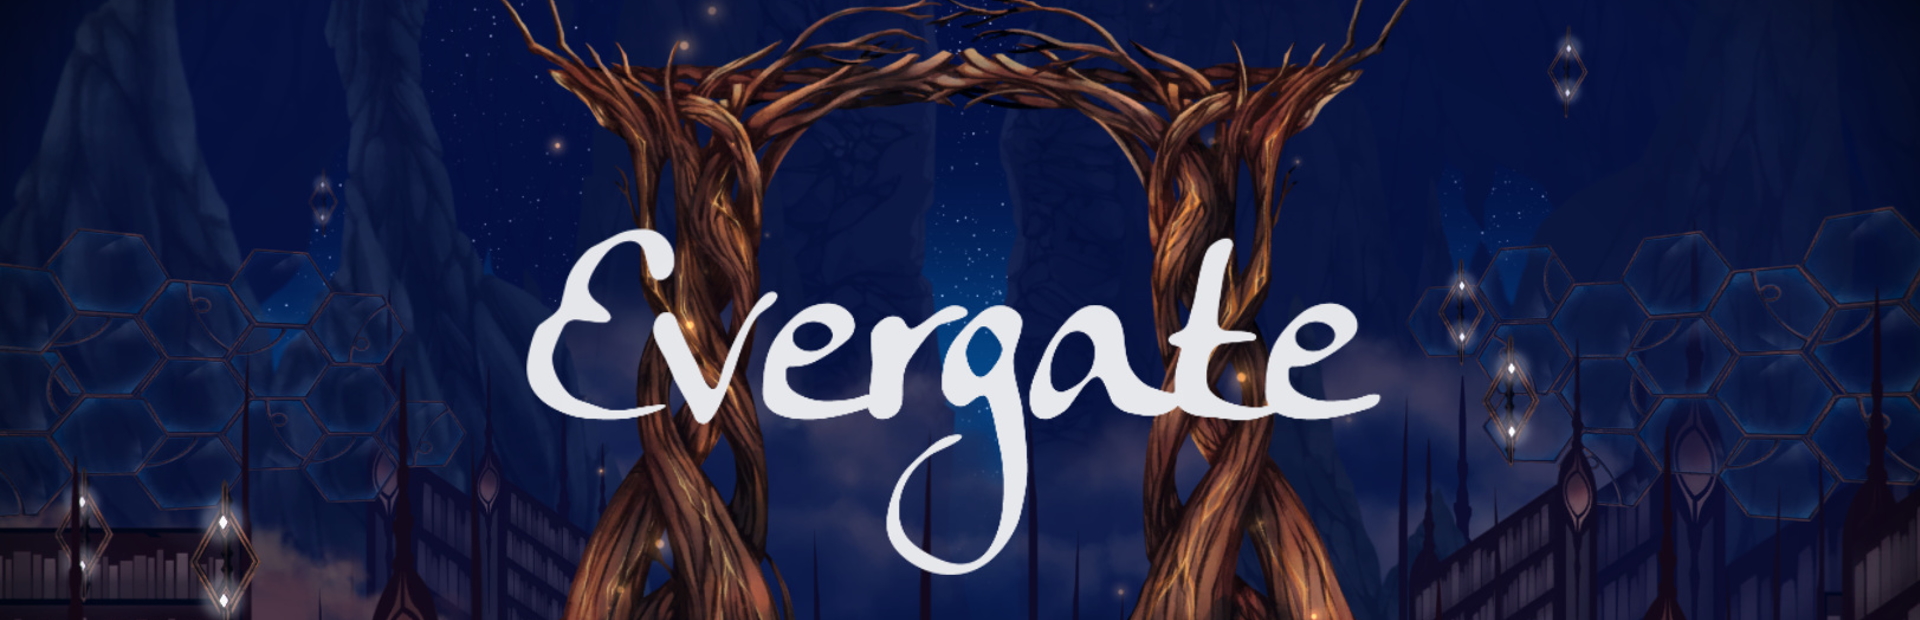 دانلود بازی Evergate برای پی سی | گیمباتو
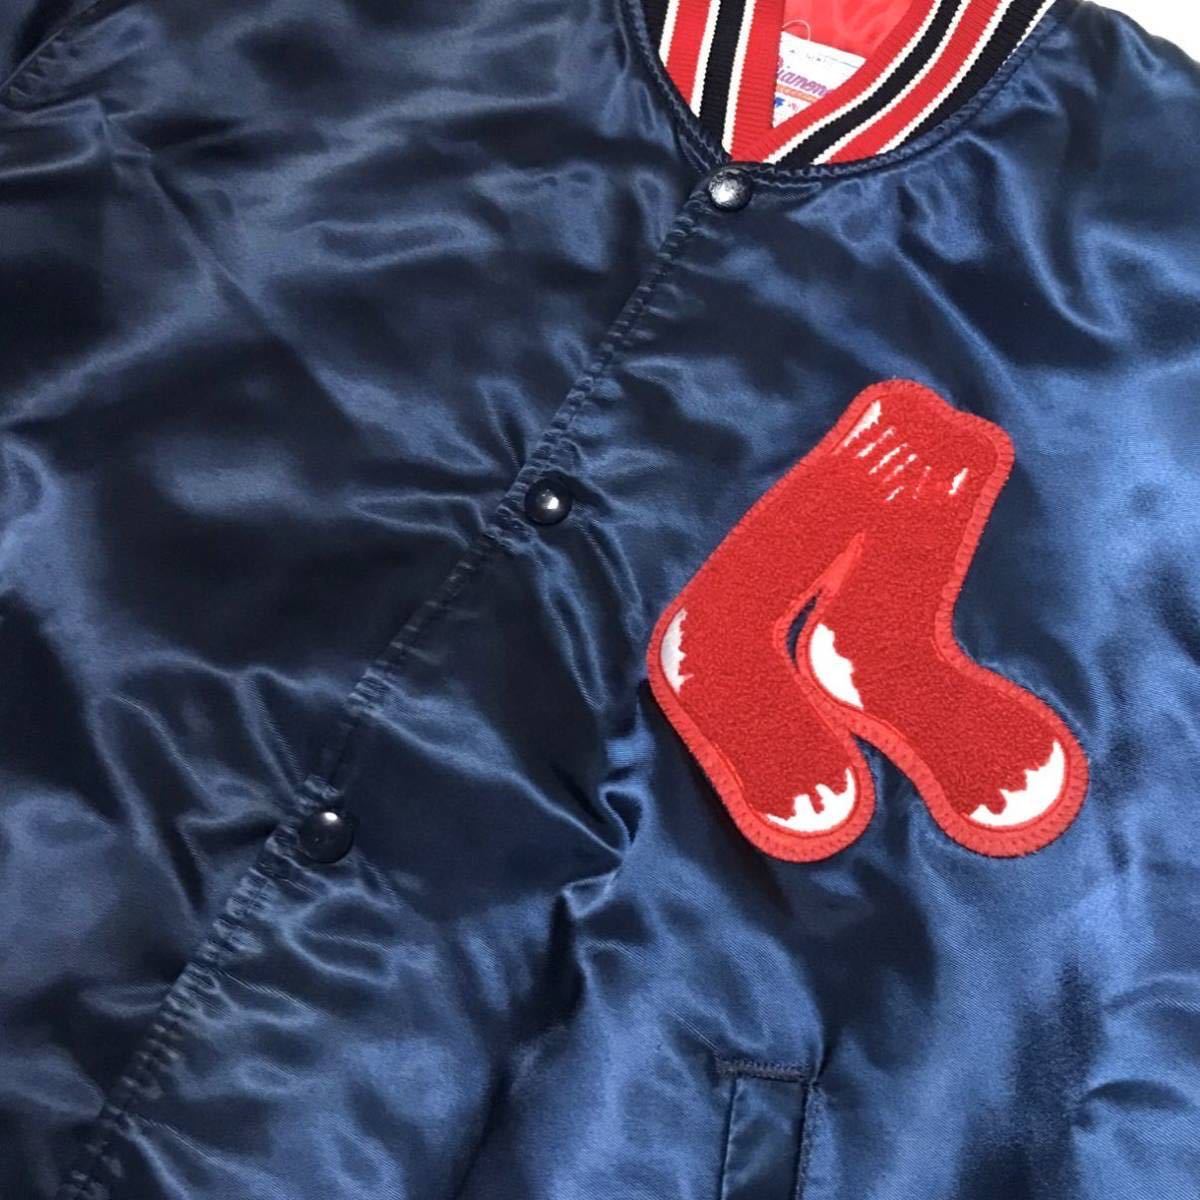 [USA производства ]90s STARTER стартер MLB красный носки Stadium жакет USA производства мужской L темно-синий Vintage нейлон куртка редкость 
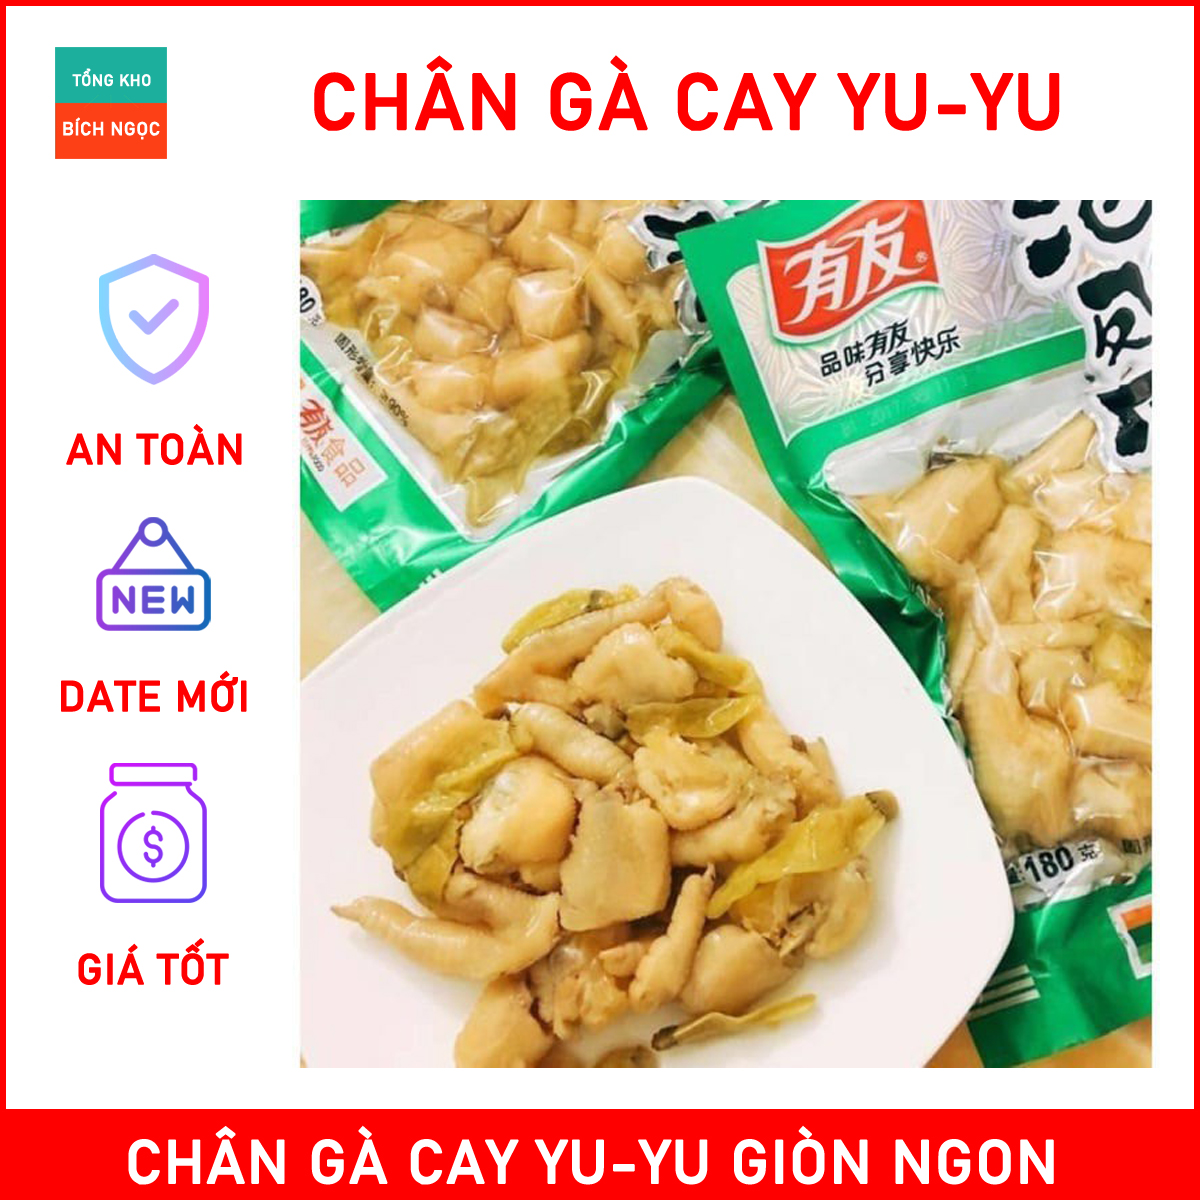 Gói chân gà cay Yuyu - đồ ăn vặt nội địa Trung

• What you have to do: Reproduce, exactly and with no pictures, the lines from the line containing "[USA производства ]90s" through the closing line of the data above, keeping both ends.

• Written reply:
 [USA производства ]90s STARTER стартер MLB красный носки Stadium жакет USA производства мужской L темно-синий Vintage нейлон куртка редкость 
 Gói chân gà cay Yuyu - đồ ăn vặt nội địa Trung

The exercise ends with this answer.